Einen Kopfhörerhalter, den man mit einer Gewindestange hinten am Monitor dran schrauben kann. Auch selbst konstruiert.

Oder einfach einen simplen Handyständer. Das Ding von Ebay hatte einen zu großen Rand, und hat das Display leicht verdeckt. Jetzt habe ich einen genau so, wie ich ihn haben will.

Anwendungen kommen mit der Zeit von selbst.


----------



## Icedaft (8. Dezember 2019)

*AW: 3-D Drucker für den Nachwuchs(16)*

O. K.,O.K. , seh schon, Mann muss nur seine Fantasie laufen lassen...[emoji23][emoji854]


----------



## MountyMAX (2. Februar 2020)

*AW: 3-D Drucker für den Nachwuchs(16)*

Hat sich denn der "Kleine" gefreut?

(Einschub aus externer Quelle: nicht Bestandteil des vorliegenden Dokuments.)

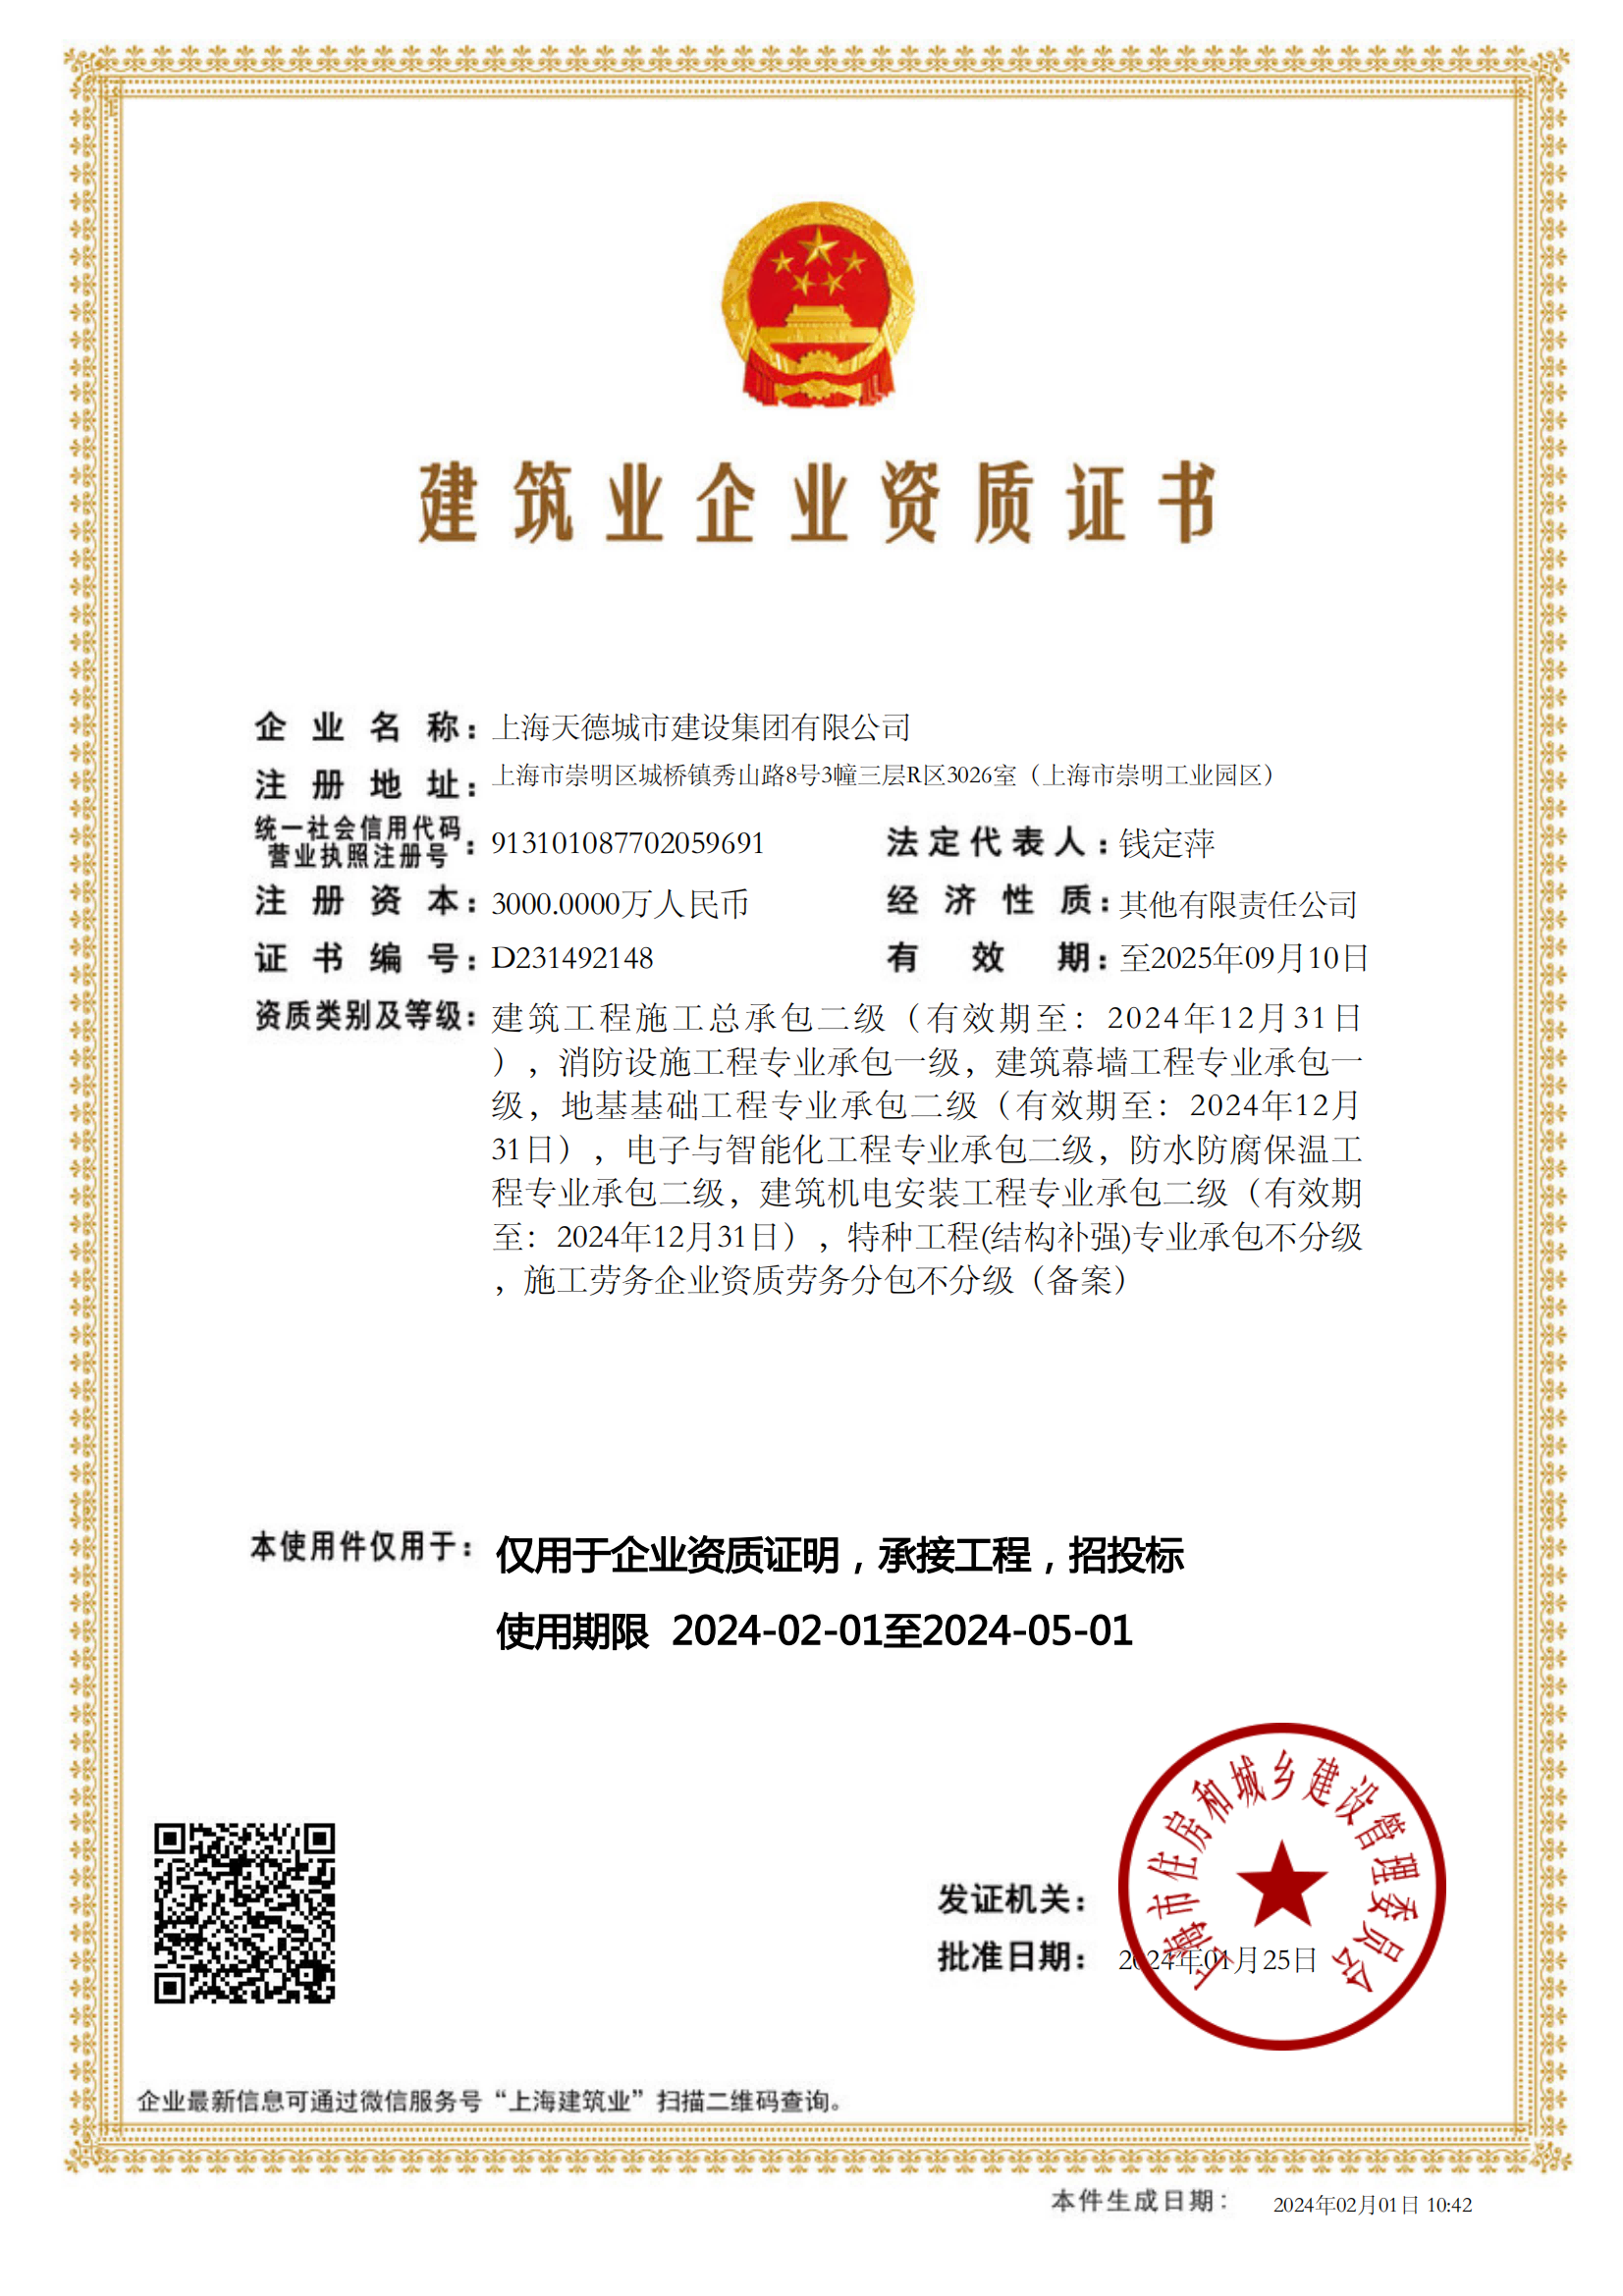 上海天德城市建设集团有限公司建筑业企业资质证书-20240201104254451_00(1).png

Hab mir jetzt auch mal so einen 3D Drucker zugelegt (Artillerie GENIUS), aber bin auch noch auf thinguniverse auf der Suche, bisher sind es nur Blumentöpfe geworden ^^ (und die Damen im Haus machen Videos mit dem Drucker für ihren WA Status  )


----------



## Icedaft (2. Februar 2020)

*AW: 3-D Drucker für den Nachwuchs (16)*

Das erste Kilo Filament war schon an Sylvester durch.... Eine Krake mit beweglichen Armen, ein Aufziehautobausatz mit Federantrieb, diverse Figuren (Star Wars, Manga/Anime), 3-D-Türschild....

Jetzt heißt es nach einer guten und günstigen Quelle für brauchbares Filament suchen...[emoji6]


----------